Bloomberg Law
Aug. 21, 2020, 10:04 AM

Sweat the Small Stuff: Lessons of Federal Circuit Damages Cases

Perry Cooper
Perry Cooper
Legal Reporter

Six Federal Circuit decisions on patent damages this year show the importance of details in cases involving issues such as marking, interest accrual, and awards calculation.

The decisions show “how important small things can be,” said Tom Cotter, intellectual property professor at the University of Minnesota Law School who blogs about patent remedies.

The marking cases, for instance, are “probably rather obscure even to many people in the IP world,” Cotter said. But patent owners limit their damages if they don’t comply with the statute’s technicalities, he said in an email.

The U.S. Court of Appeals for the Federal Circuit has a clear rule to apply on marking. “In those cases, you’re seeing some pretty harsh outcomes for patent owners on pre-suit damages,” said Mel Bostwick, partner at Orrick, Herrington & Sutcliffe LLP in Washington.

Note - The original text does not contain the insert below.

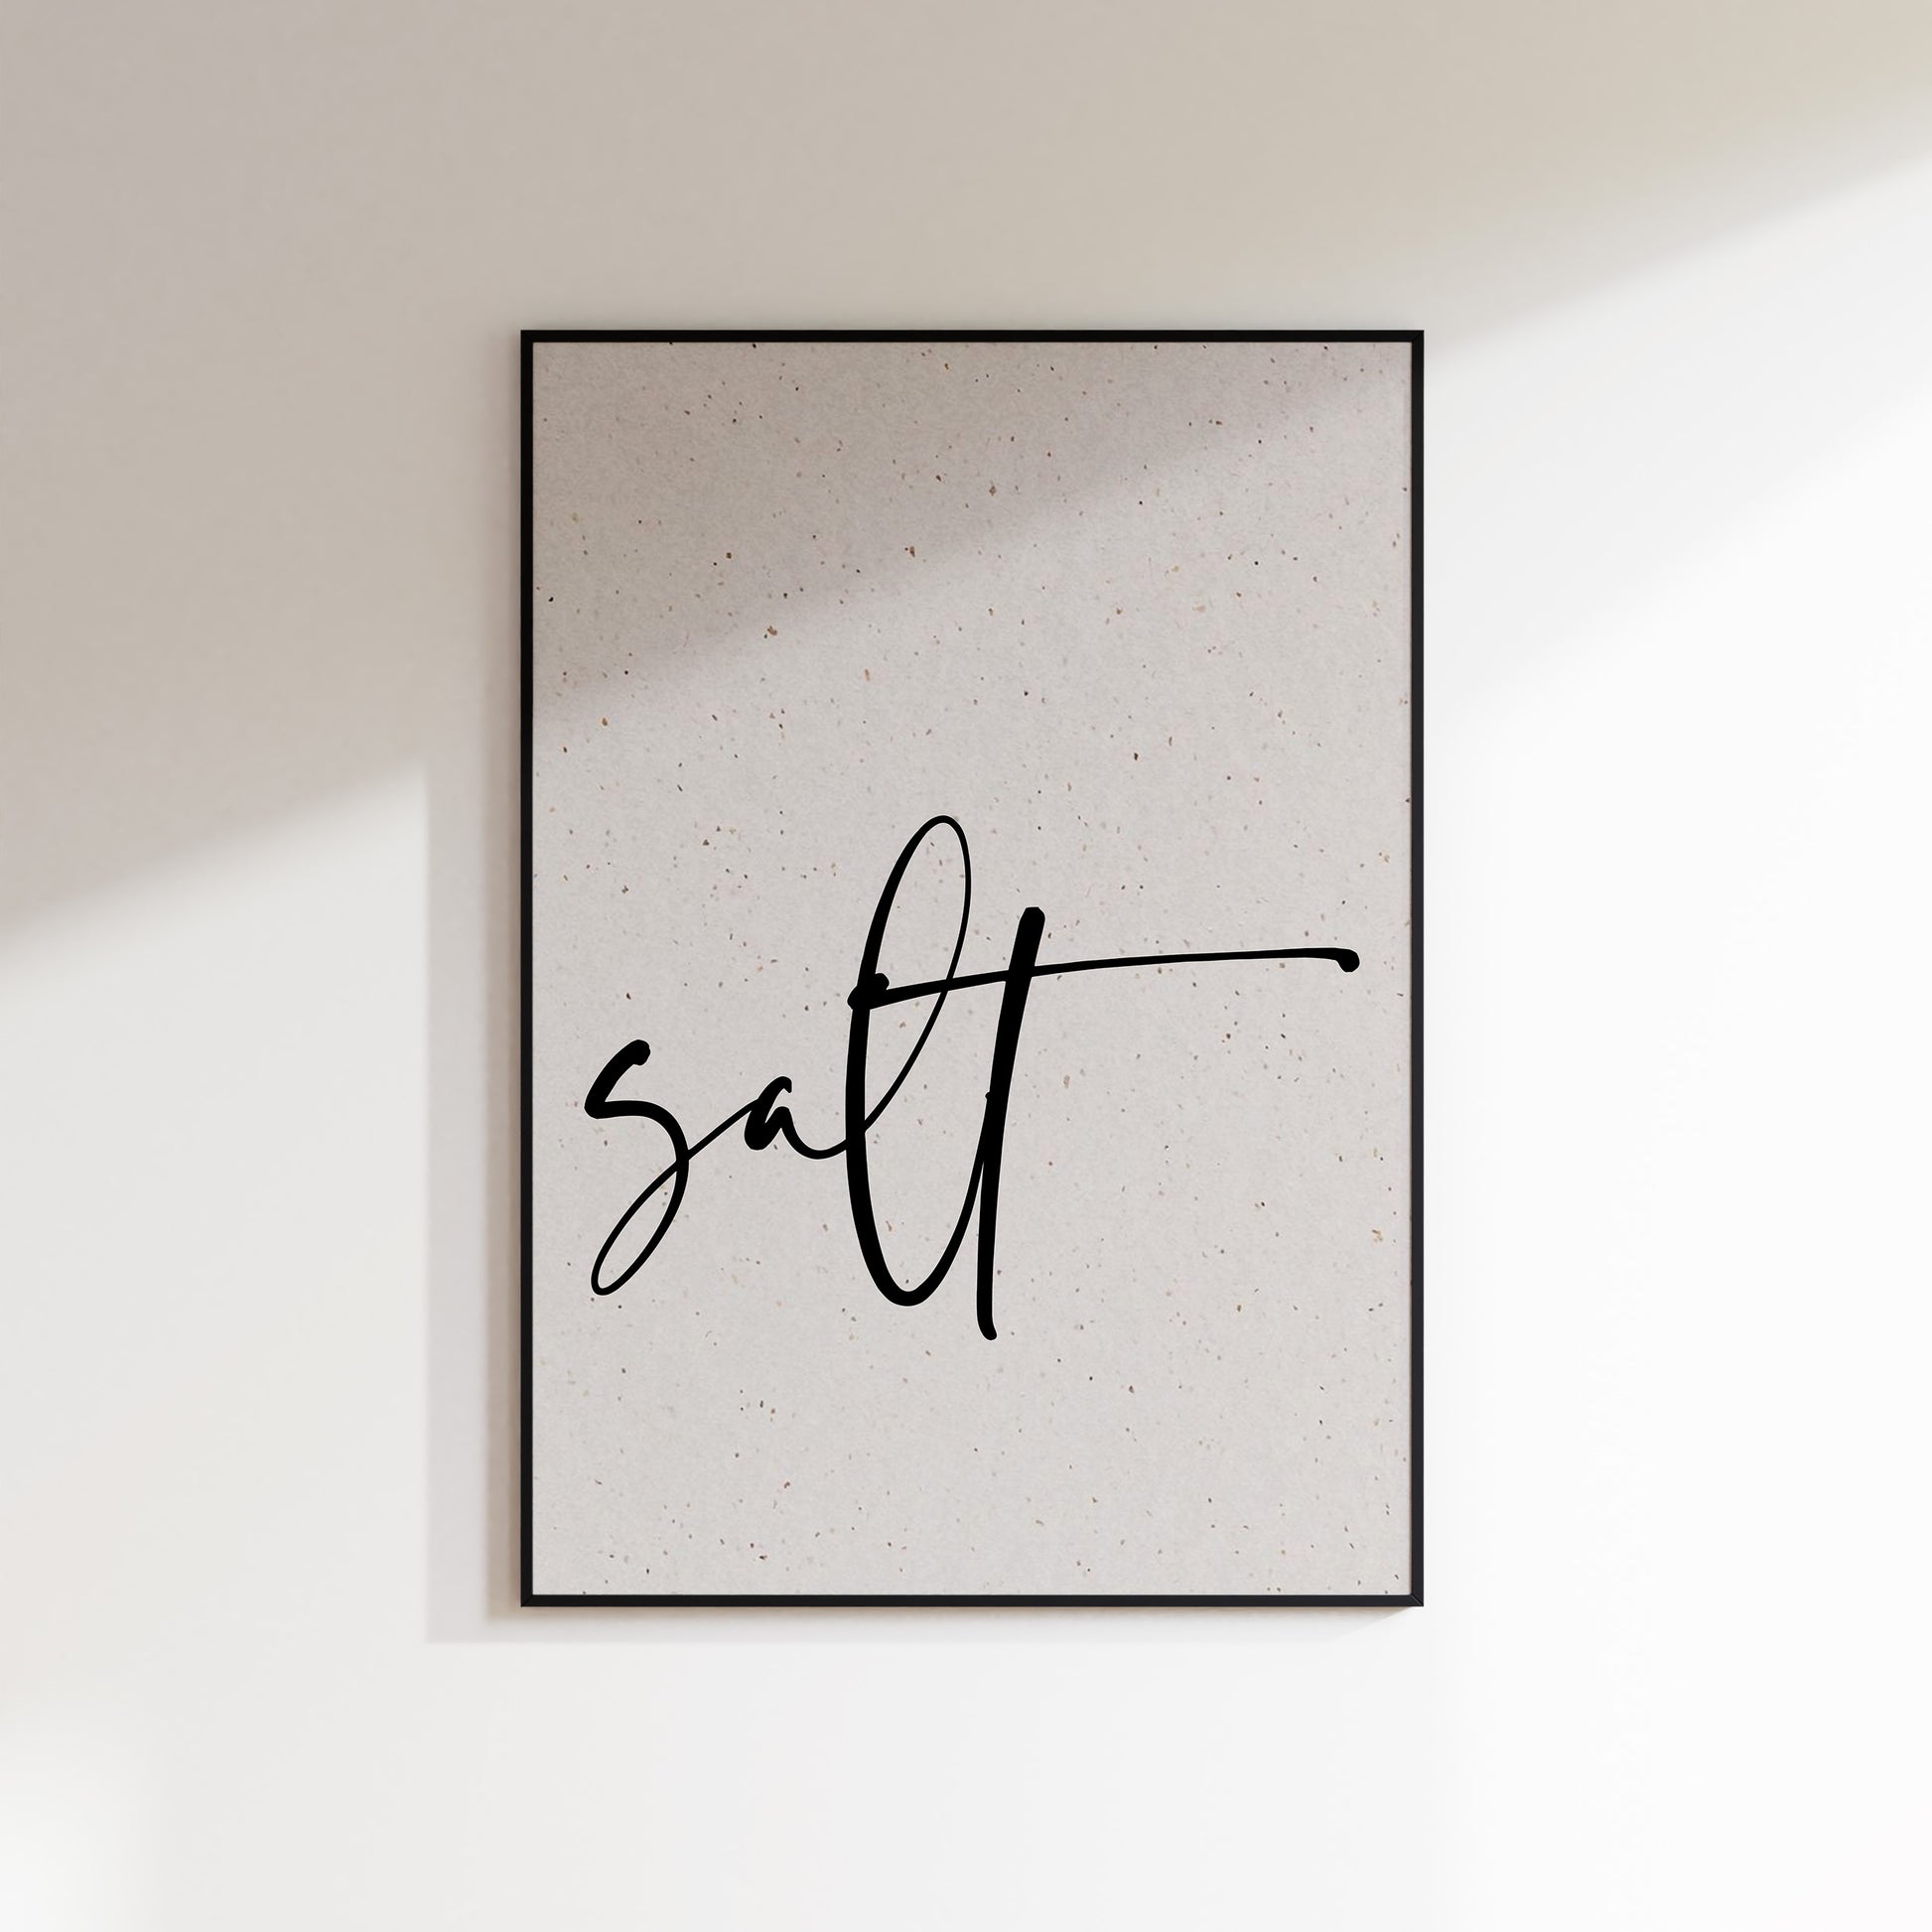 A print on textured paper with black text that reads 'salt' in a handwriting style typeface. A culinary print for the kitchen. Print is in a black frame on a white wall background.

But in the other damages cases from this year, which are governed by more “squishy” standards, the court “is far more reluctant to undo a damages award,” she said in an email. “The jury’s ultimate number can be really hard to undo.”

Importance of Marking

The court’s February decision in Arctic Cat v. Bombardier Recreational Products and its July decision in Packet Intelligence v. NetScout Systems both docked patent owners’ awards for failure to mark.

The marking statute provides patent owners the right to obtain damages for infringement before they sue if they alert would-be infringers by marking their products as patent-protected. Otherwise, they may only collect damages from the time the infringer received actual notice through the lawsuit.

Arctic Cat sued Bombardier for infringing its patents on personal watercraft steering systems. The trial court reduced Arctic Cat’s $46 million judgment by $28 million because the company’s licensee didn’t mark products that used the patented technology. The Federal Circuit affirmed.

Packet Intelligence sued NetScout Systems for willfully infringing its patents related to transmitting information over a computer network. The Federal Circuit upheld the jury’s infringement verdict, but eliminated the portion of the $5.75 million award accounting for damages that occurred before the suit was filed based on inadequate marking.

These cases “reinforce the importance of marking to obtain full damages,” Dmitry Karshtedt, patent professor at the George Washington University School of Law, said in an email.

Calculating Damages

In two other recent decisions, the court is “essentially saying that you don’t always need to look at the value of the precise property that was infringed in assessing damages,” Bostwick said.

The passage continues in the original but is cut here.